April 22, 2006

THE FAR RIGHT'S NATURAL ALLIES (via Tom Morin):

The left splits over immigration: Most liberals have celebrated the recent pro-immigration marches. But some leading progressives say illegal immigration hurts American workers. (Michelle Goldberg, 4/20/06, Salon)

Britt Minshall is a United Church of Christ pastor and a proud member of the religious left. A former civil rights Freedom Rider, he heads an interracial Baltimore congregation of 200, which has ministries that care for recovering addicts and for prostitutes. He also works in Haiti, and has written a self-published novel "to expose the pernicious effects of American foreign policy" on the people of that country. He calls the current administration "evil, wrong, treasonous ... a pack of monsters." And yet as he watched hundreds of thousands of immigrants march through the streets of America's biggest cities in the past few weeks, he found himself agreeing with some of the most right-wing Republicans. Most liberals are "dead wrong" on immigration, he says, arguing that social justice demands a crackdown on the undocumented. "I'm afraid the Minutemen have a point here," he says.

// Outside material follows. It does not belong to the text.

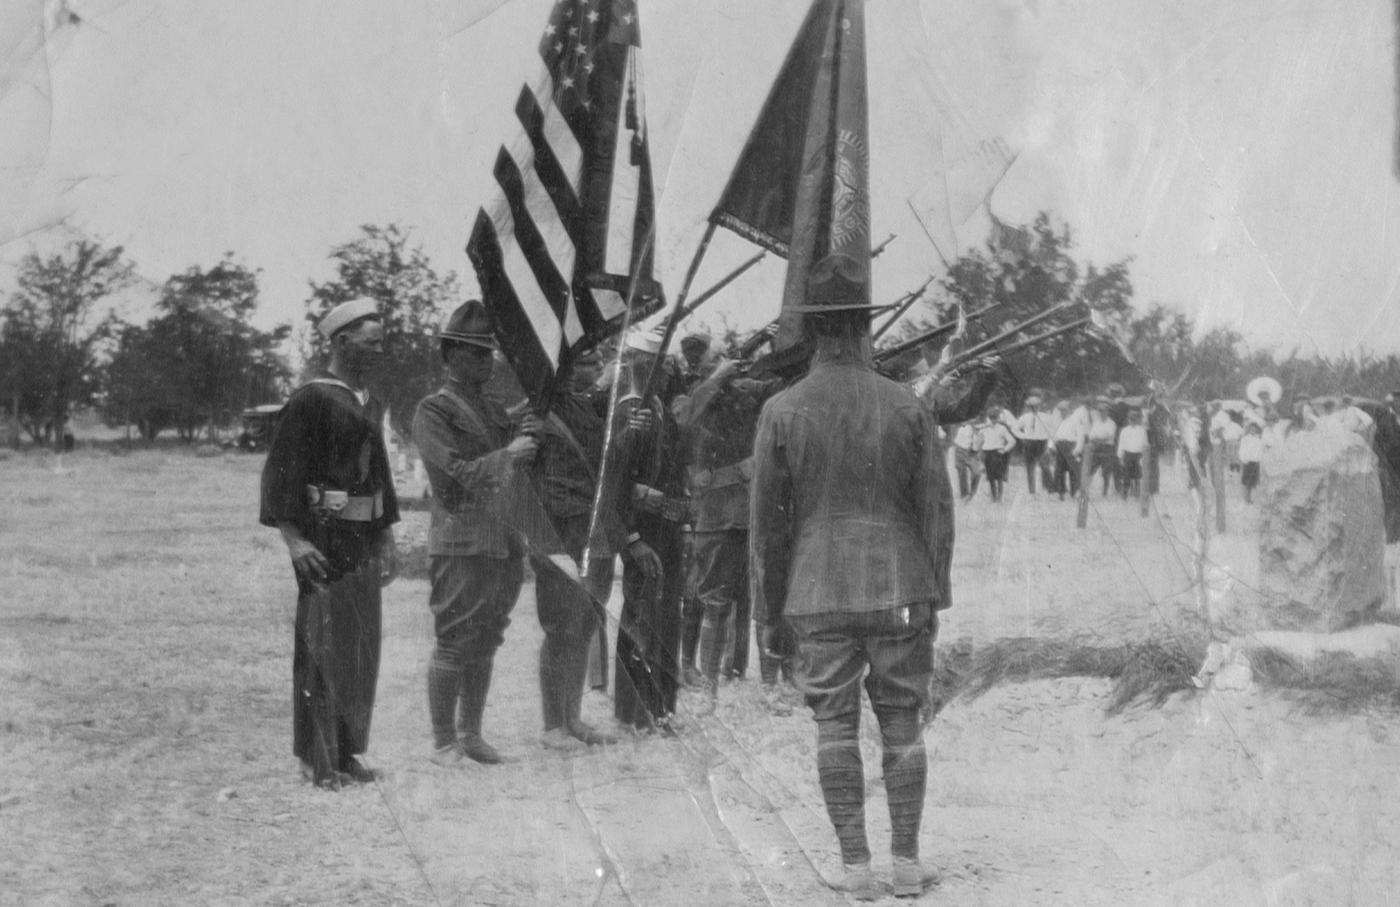 memorialday1918

Most liberals have celebrated the recent pro-immigration marches, seeing in them a new kind of civil rights movement. They've supported calls to legalize many of the 11 million undocumented immigrants currently in the United States. Many have delighted in the fissures opening up on the right, where nativists are pitted against laissez-faire business interests hungry for cheap labor. Yet there are fault lines on the left as well, with a small but notable number of progressive commentators warning that by championing rights for illegal immigrants and expanded legal immigration, liberals are working against the interests of low-skilled American workers. "I'm instinctively, emotionally pro-immigration," New York Times columnist Paul Krugman wrote last month. "But a review of serious, nonpartisan research reveals some uncomfortable facts about the economics of modern immigration ... [W]hile immigration may have raised overall income slightly, many of the worst-off native-born Americans are hurt by immigration -- especially immigration from Mexico." [...]

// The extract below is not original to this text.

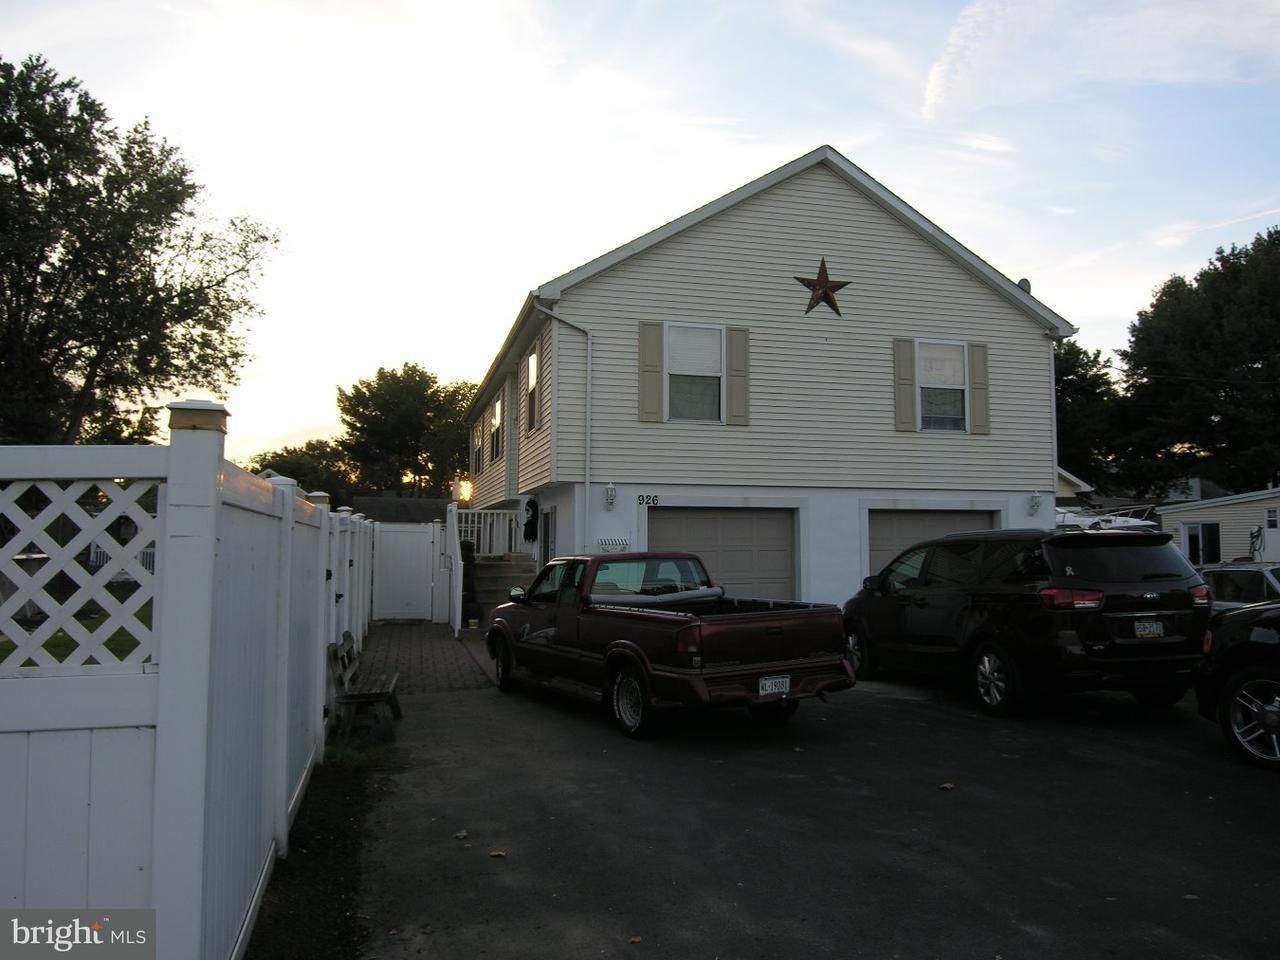 Частный односемейный дом для того Продажа на 926 CEDAR Avenue Croydon, Пенсильвания 19021 Соединенные Штаты

[T]he liberal debate over immigration isn't simply one between the left and the center. It cuts across ideologies. There are conservative Democrats, civil rights activists and leftist multiculturalists calling for legalizing undocumented immigrant workers, while figures including antiwar Air America radio host Thom Hartmann, writer Michael Lind and Sen. Byron Dorgan, D-N.D., are urging much tougher restrictions. The central question is whether the interests of working-class Americans and those of immigrants, legal and illegal, are necessarily in opposition, and if they are, how progressives -- and the lawmakers they support -- should deal with it. What does it mean if the inspiring words inscribed on the Statue of Liberty -- "Send these, the homeless, tempest-tossed, to me" -- can't be reconciled with the needs of this country's workers?


Opposition to immigration naturally unites nativists (especially blacks who stand to lose their urban power base), protectionists and isolationists across party lines.

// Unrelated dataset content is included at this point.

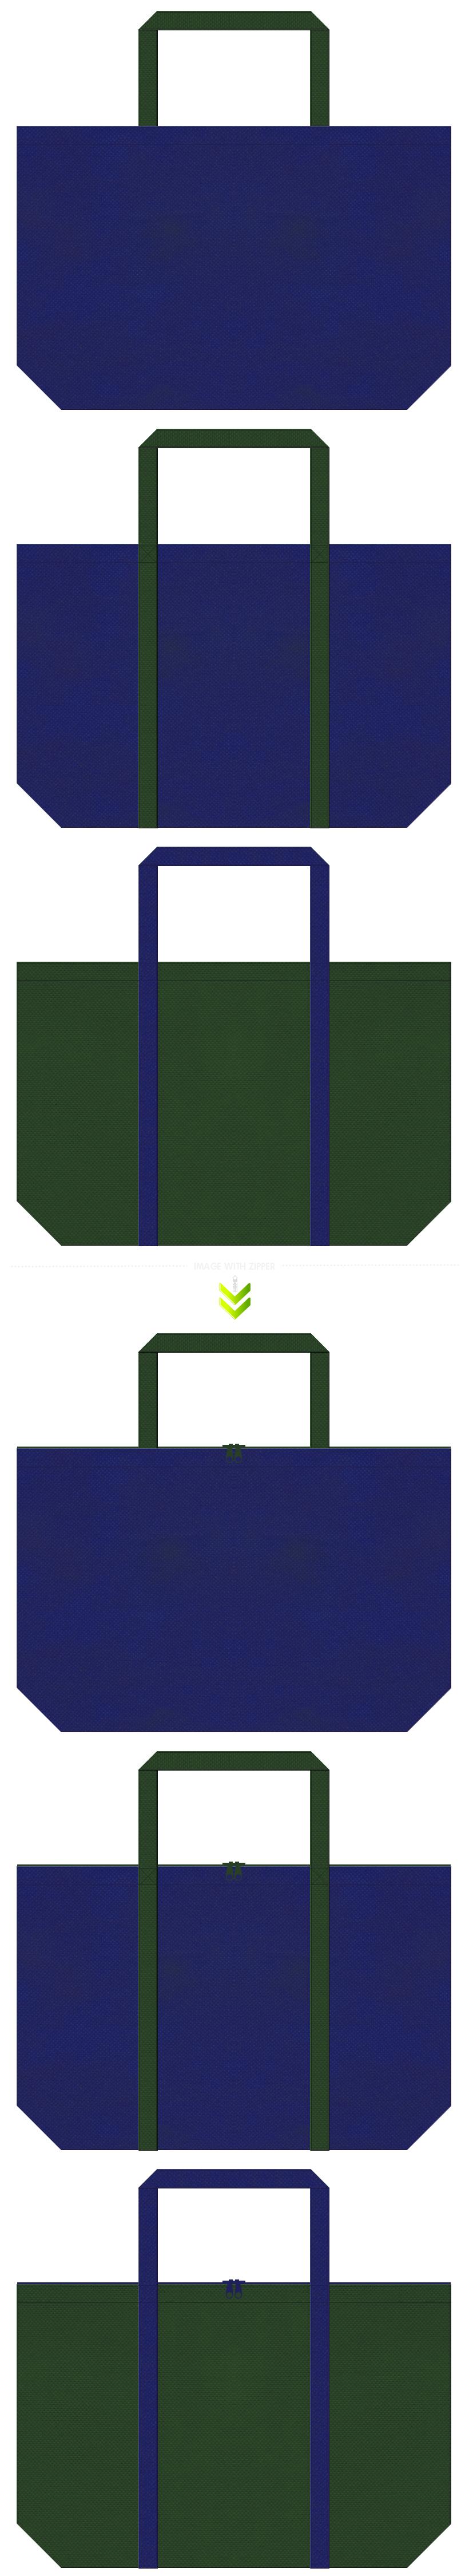 明るい紺色と濃緑色の不織布エコバッグのデザイン。

Posted by Orrin Judd at April 22, 2006 11:31 PM
Comments

There it is: cross-cleavage--just like 1860.

Part of the confusion arises from the way the left has no policy other than blind reaction against whatever they think the right wants.

Posted by: Lou Gots at April 23, 2006 3:32 PM

Be interesting to see what the Cinco de Mayo celebrations bring.

Posted by: erp at April 23, 2006 4:04 PM

OJ:

I'd been thinking for a while that your thesis that anti-immigrationism will become a Democratic issue is probably dubious, and then what do I come across but this passage in the paper about a week ago:

"I'm instinctively, emotionally pro-immigration," New York Times columnist Paul Krugman wrote last month. "But a review of serious, nonpartisan research reveals some uncomfortable facts about the economics of modern immigration ... [W]hile immigration may have raised overall income slightly, many of the worst-off native-born Americans are hurt by immigration -- especially immigration from Mexico." [...]

Holy smokes. Don't need a weatherman...

Posted by: Matt Murphy at April 24, 2006 12:24 PM

Matt:

It may only be a marriage of convenience, but the desire of black leaders to protect their political power, of unions to drive up labor costs, of pacifists to be isolated, of secularists to keep out Christian immigrants, etc. creates a thorough web interknitting the Left and far Right.

Posted by: oj at April 24, 2006 12:31 PM

It is no more inconceivable that the Democrats become the party of anti-illegal immigration than it was inconceivable that the Party of Lincoln adopt Nixon's Southern Strategy in the 1970's.

Posted by: Chris Durnell at April 24, 2006 12:45 PM

Chris Durnell:

I've heard some liberal columnists, like Froma Harrop, try to tell the Democrats that they need to get tough on the immigration issue, but I have usually blown it off as simple political preening. And, after all, Ted Kennedy is out there speaking to the recent pro-immigration demonstrators.

But having Krugman come out like this seems like a watershed. And I agree with OJ that at least some liberals are going to become uncomfortable with the generally strong religiosity of Hispanic immigrants.